Reputation: 1827
I'm a bash scripting beginner, and I have a "homework" to do. I figured most of the stuff out but there is a part which says that I have to echo the pid of the parent bash and the pid of the two subshells that I will be running. So I looked online and found this (The Linux documentation project):
#!/bin/bash4
echo "\$\$ outside of subshell = $$" # 9602
echo "\$BASH_SUBSHELL outside of subshell = $BASH_SUBSHELL" # 0
echo "\$BASHPID outside of subshell = $BASHPID" # 9602
echo
( echo "\$\$ inside of subshell = $$" # 9602
echo "\$BASH_SUBSHELL inside of subshell = $BASH_SUBSHELL" # 1
echo "\$BASHPID inside of subshell = $BASHPID" ) # 9603
# Note that $$ returns PID of parent process.
So here are my questions:
1) What does the first echo print? Is this the pid of the parent bash?
2) Why does the 2nd echo print out 0?
3) Is $BASH_SUBSHELL a command or a variable?

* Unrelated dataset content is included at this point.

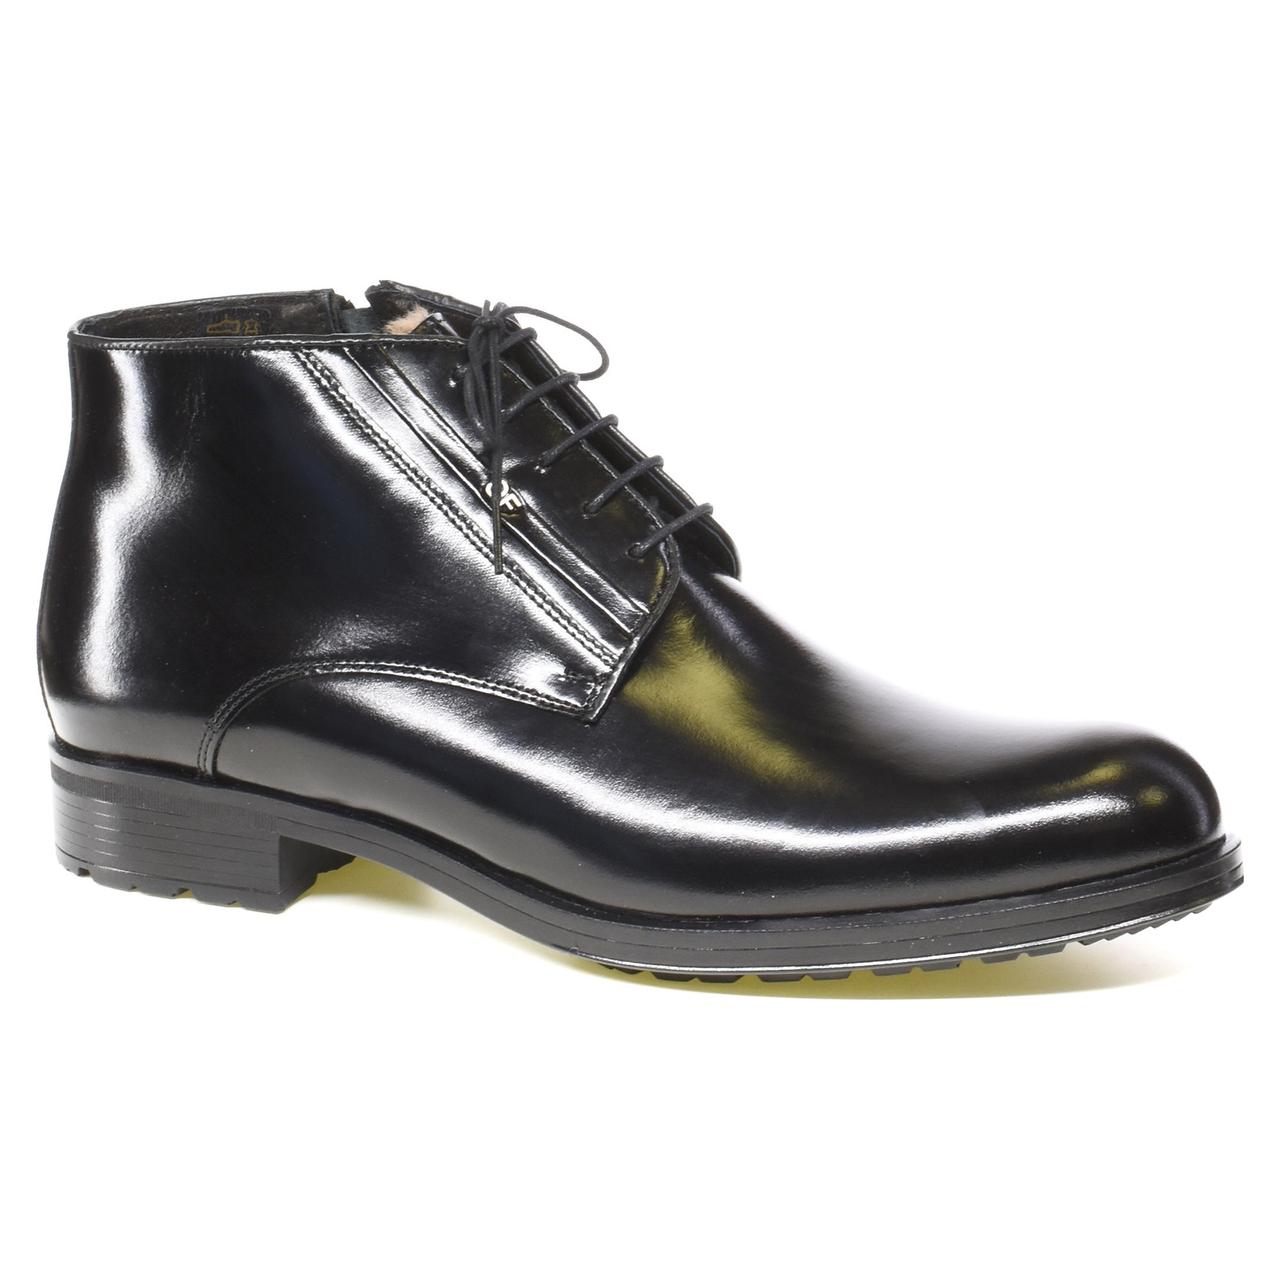 

Мужские модельные ботинки Fabio Conti код: 12975, размеры: 40, 41, 42, 43, 44

4) I'm doing everything on a mac, I will try all of this on a Linux machine in some days but
whenever I run this script $BASHPID
doesn't return anything, I just get a new line. Is this because I'm running this on a mac and $BASHPID
doesn't work on a mac?
Upvotes: 25
Views: 39957
Reputation: 5919
Looking at documentation on this, it looks like:
$$
means the process ID that the script file is running under. For any given script, when it is run, it will have only one "main" process ID. Regardless of how many subshells you invoke, $$
will always return the first process ID associated with the script. BASHPID
will show you the process ID of the current instance of bash, so in a subshell it will be different than the "top level" bash which may have invoked it.BASH_SUBSHELL
indicates the "subshell level" you're in. If you're not in any subshell level, your level is zero. If you start a subshell within your main program, that subshell level is 1. If you start a subshell within that subshell, the level would be 2, and so on.BASH_SUBSHELL
is a variable.BASHPID
isn't supported by the version of bash you have? I doubt it's a "Mac" problem.Upvotes: 32
Reputation: 104090
It'd be best to get well-acquainted with bash(1)
:
BASHPID
Expands to the process ID of the current bash process.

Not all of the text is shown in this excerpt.